• **Task description**
Your copy of the data should match it exactly, except that the pictures are gone.

Provided material section start

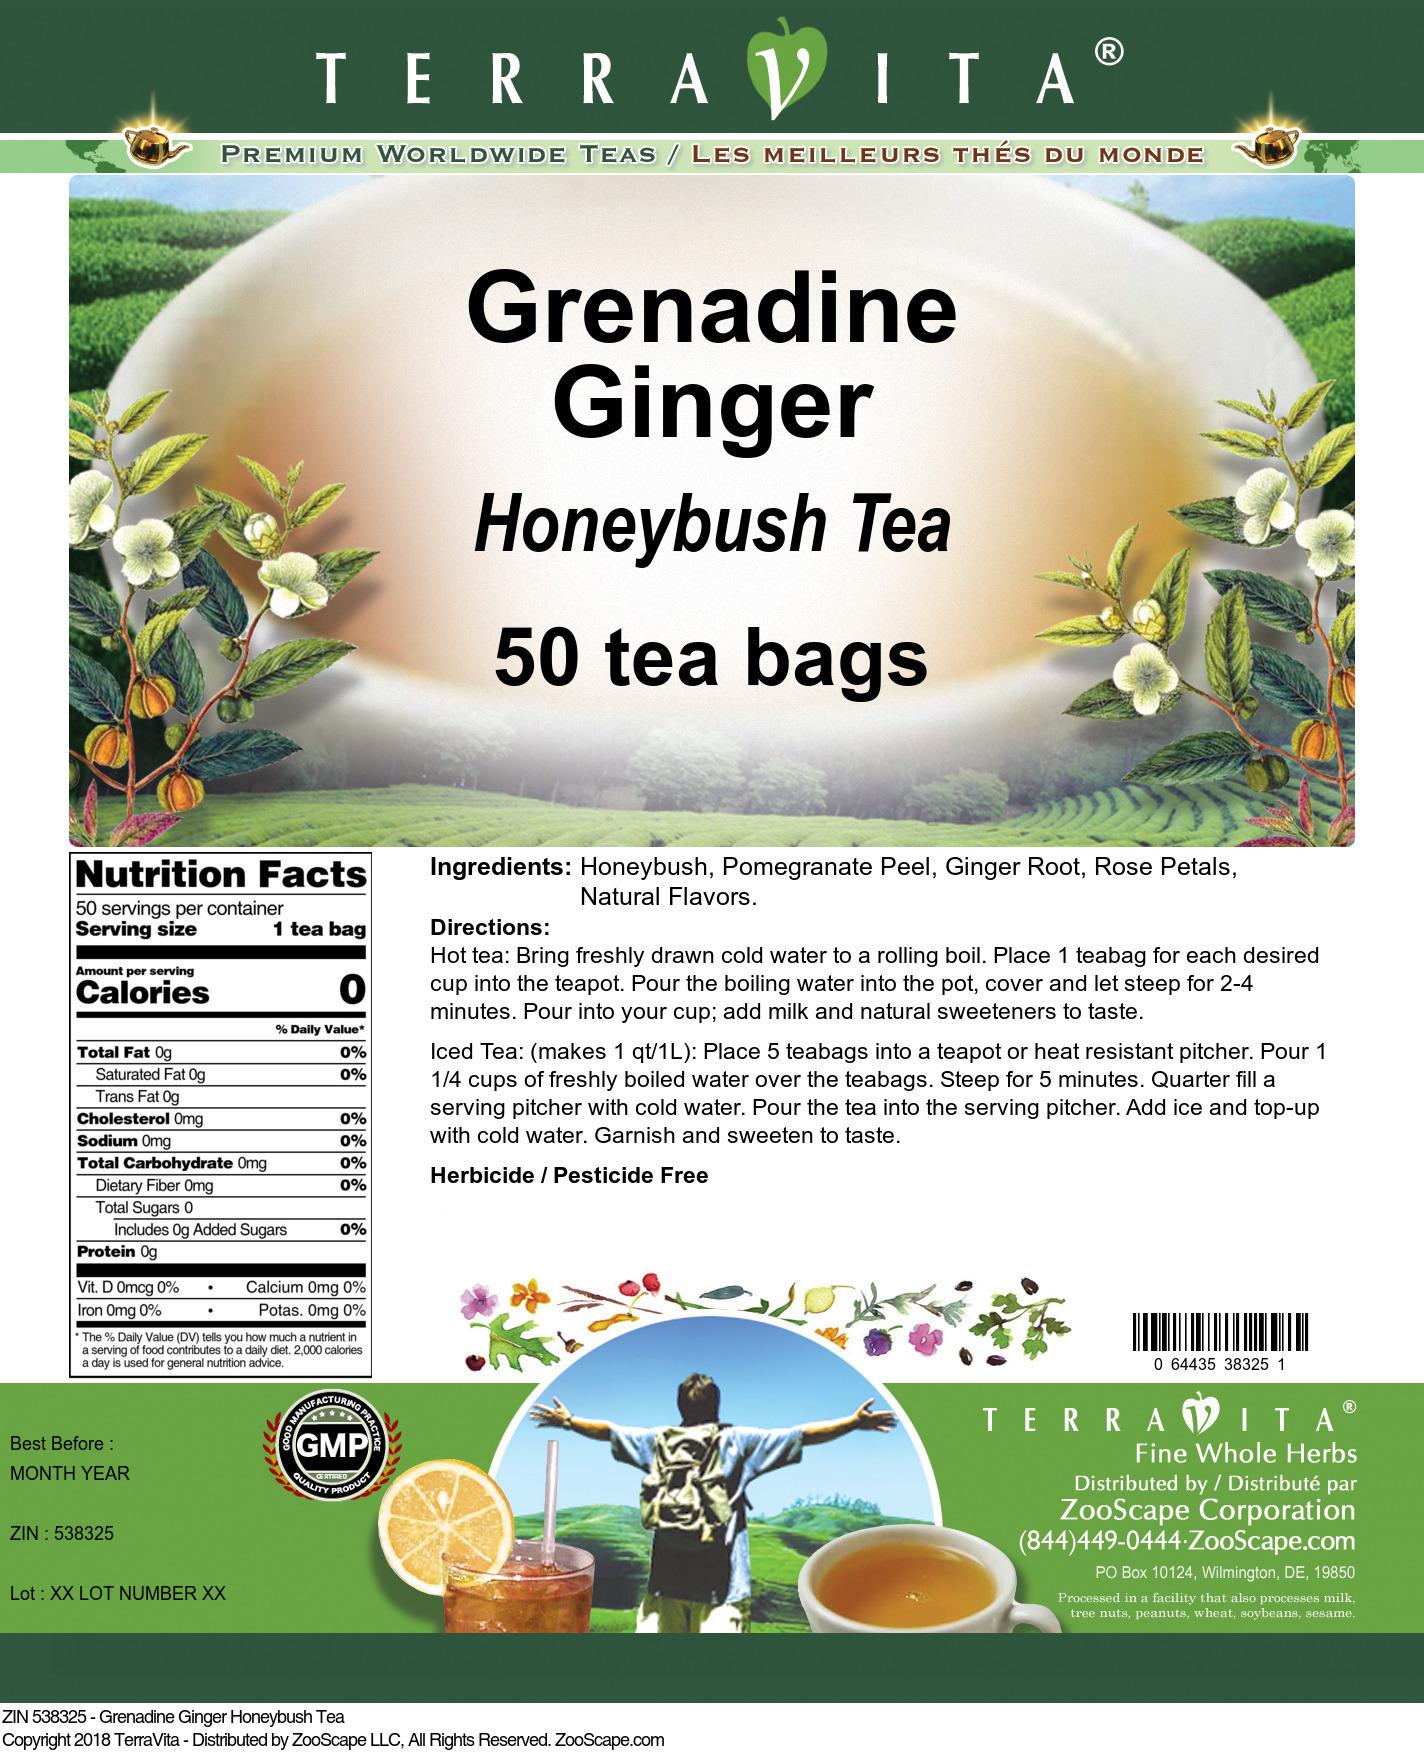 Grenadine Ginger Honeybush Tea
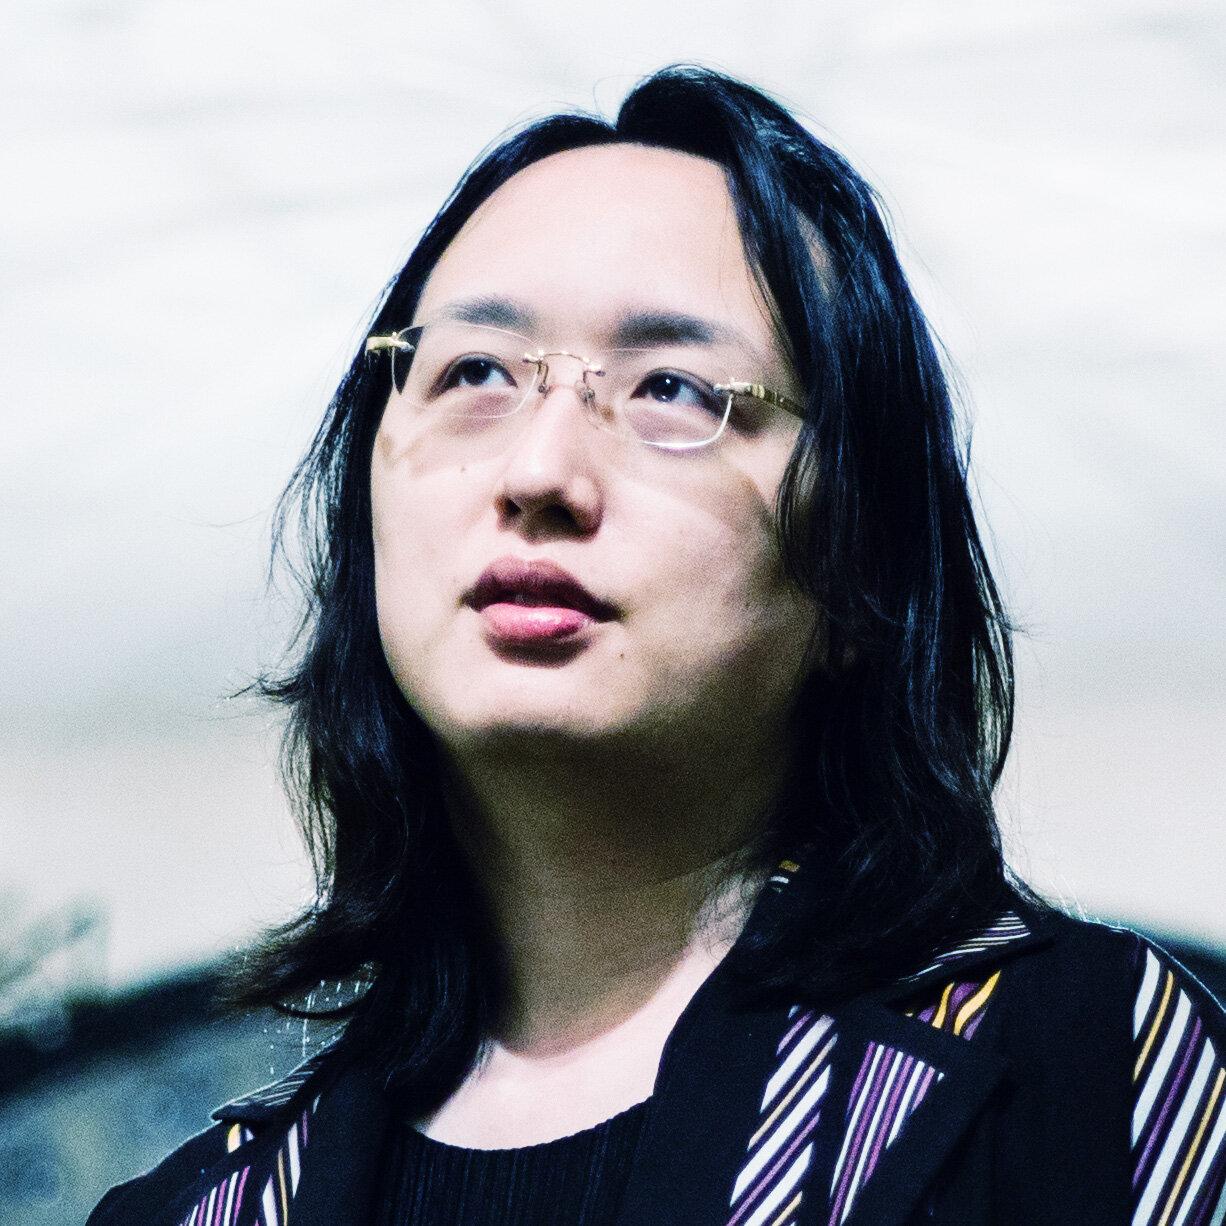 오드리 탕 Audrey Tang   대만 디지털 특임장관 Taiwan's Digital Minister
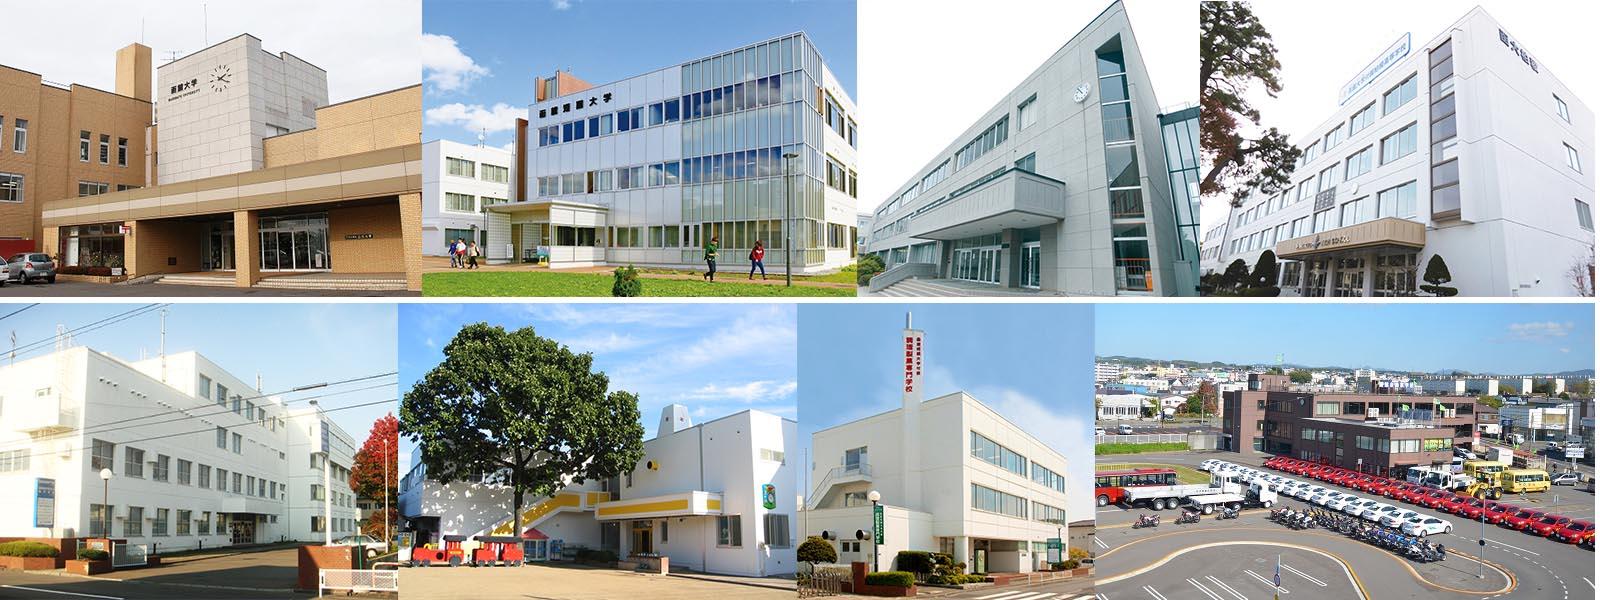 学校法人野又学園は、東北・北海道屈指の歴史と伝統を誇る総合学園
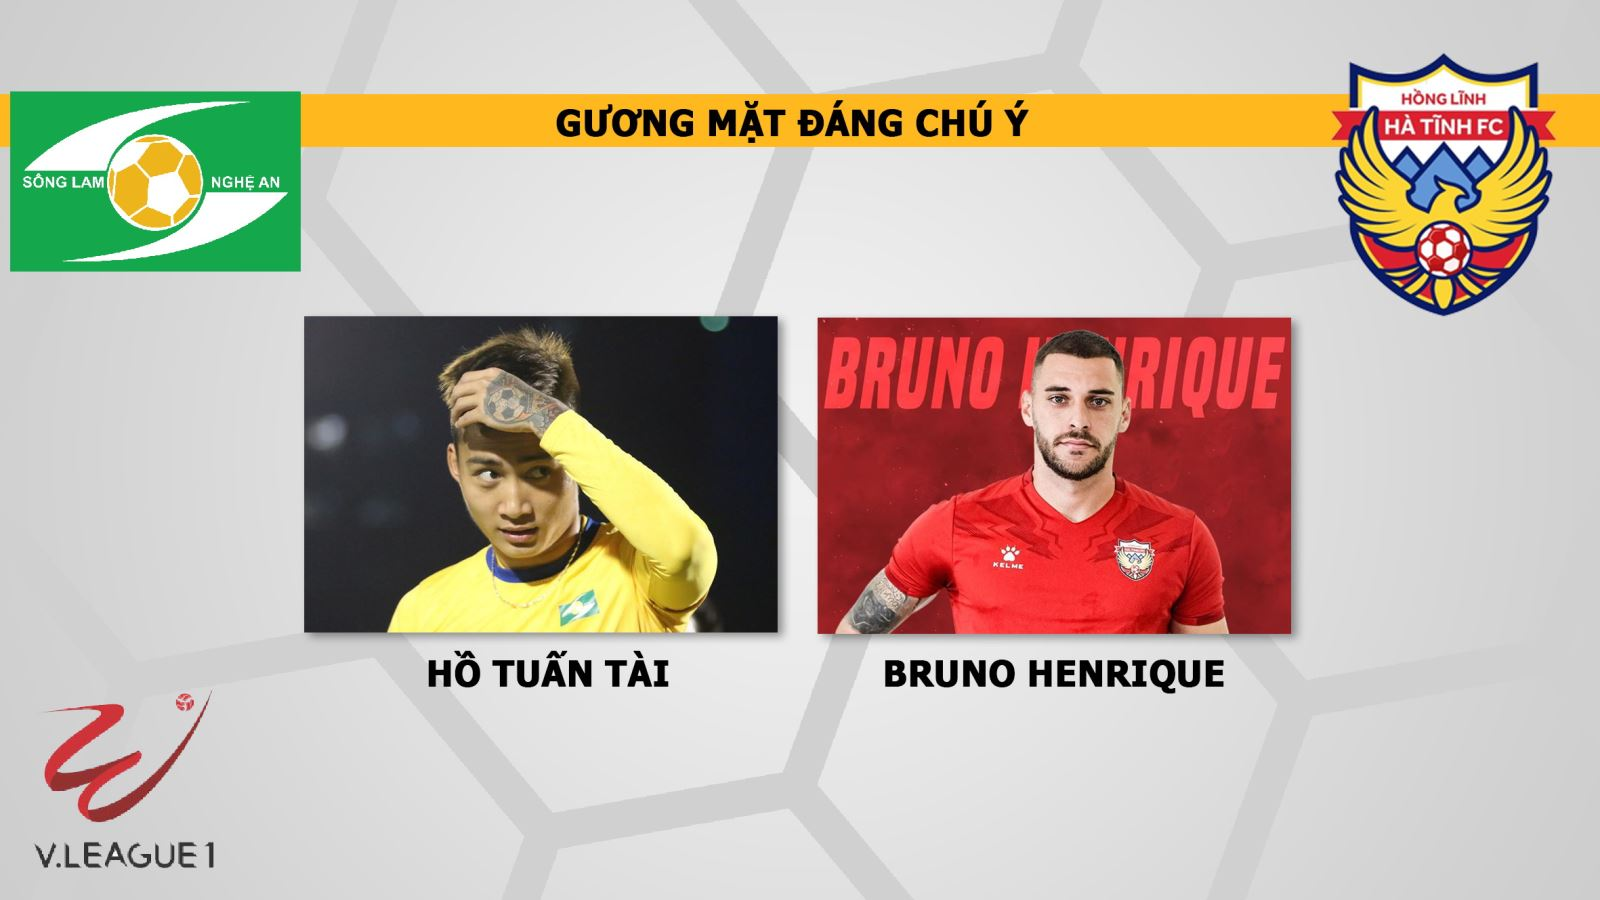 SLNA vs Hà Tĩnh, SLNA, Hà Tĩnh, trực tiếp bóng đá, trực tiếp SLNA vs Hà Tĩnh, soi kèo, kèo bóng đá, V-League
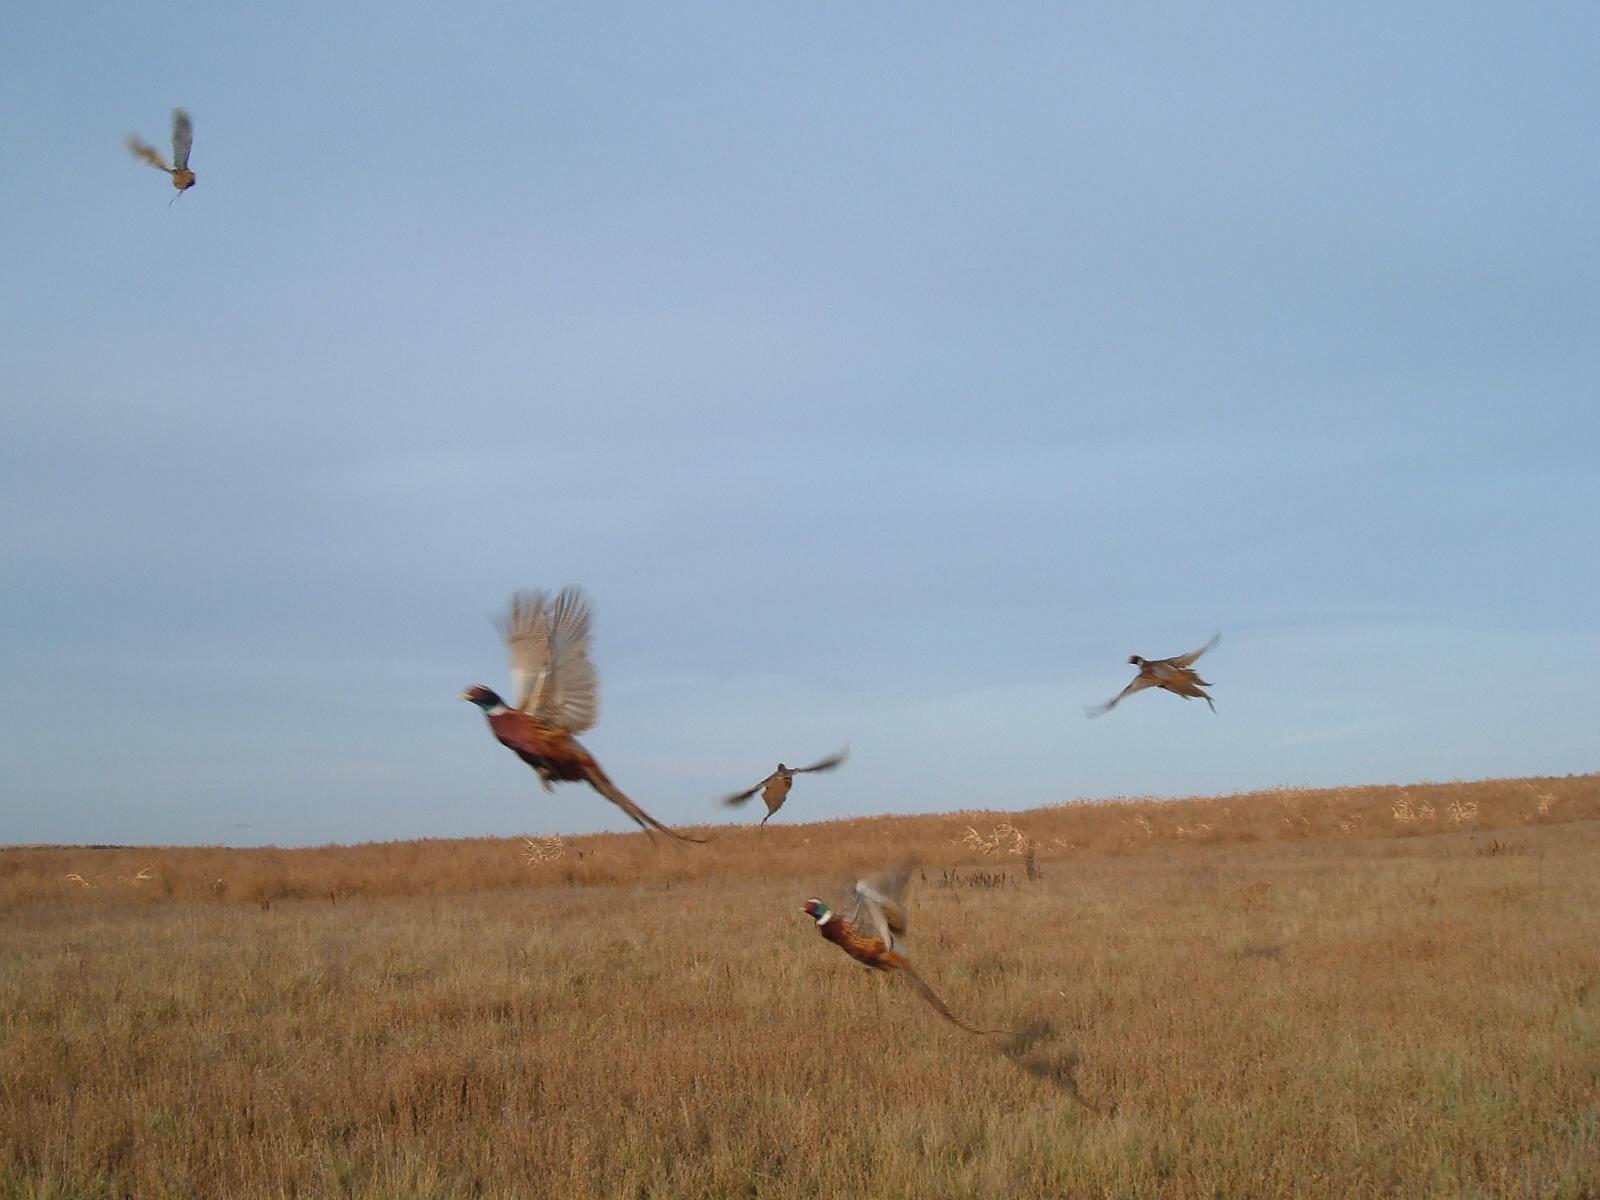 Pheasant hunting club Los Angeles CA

Provided material section end

• **Result for this task**
 Grenadine Ginger Honeybush Tea
 오드리 탕 Audrey Tang   대만 디지털 특임장관 Taiwan's Digital Minister
 学校法人野又学園は、東北・北海道屈指の歴史と伝統を誇る総合学園
 SLNA vs Hà Tĩnh, SLNA, Hà Tĩnh, trực tiếp bóng đá, trực tiếp SLNA vs Hà Tĩnh, soi kèo, kèo bóng đá, V-League
 Pheasant hunting club Los Angeles CA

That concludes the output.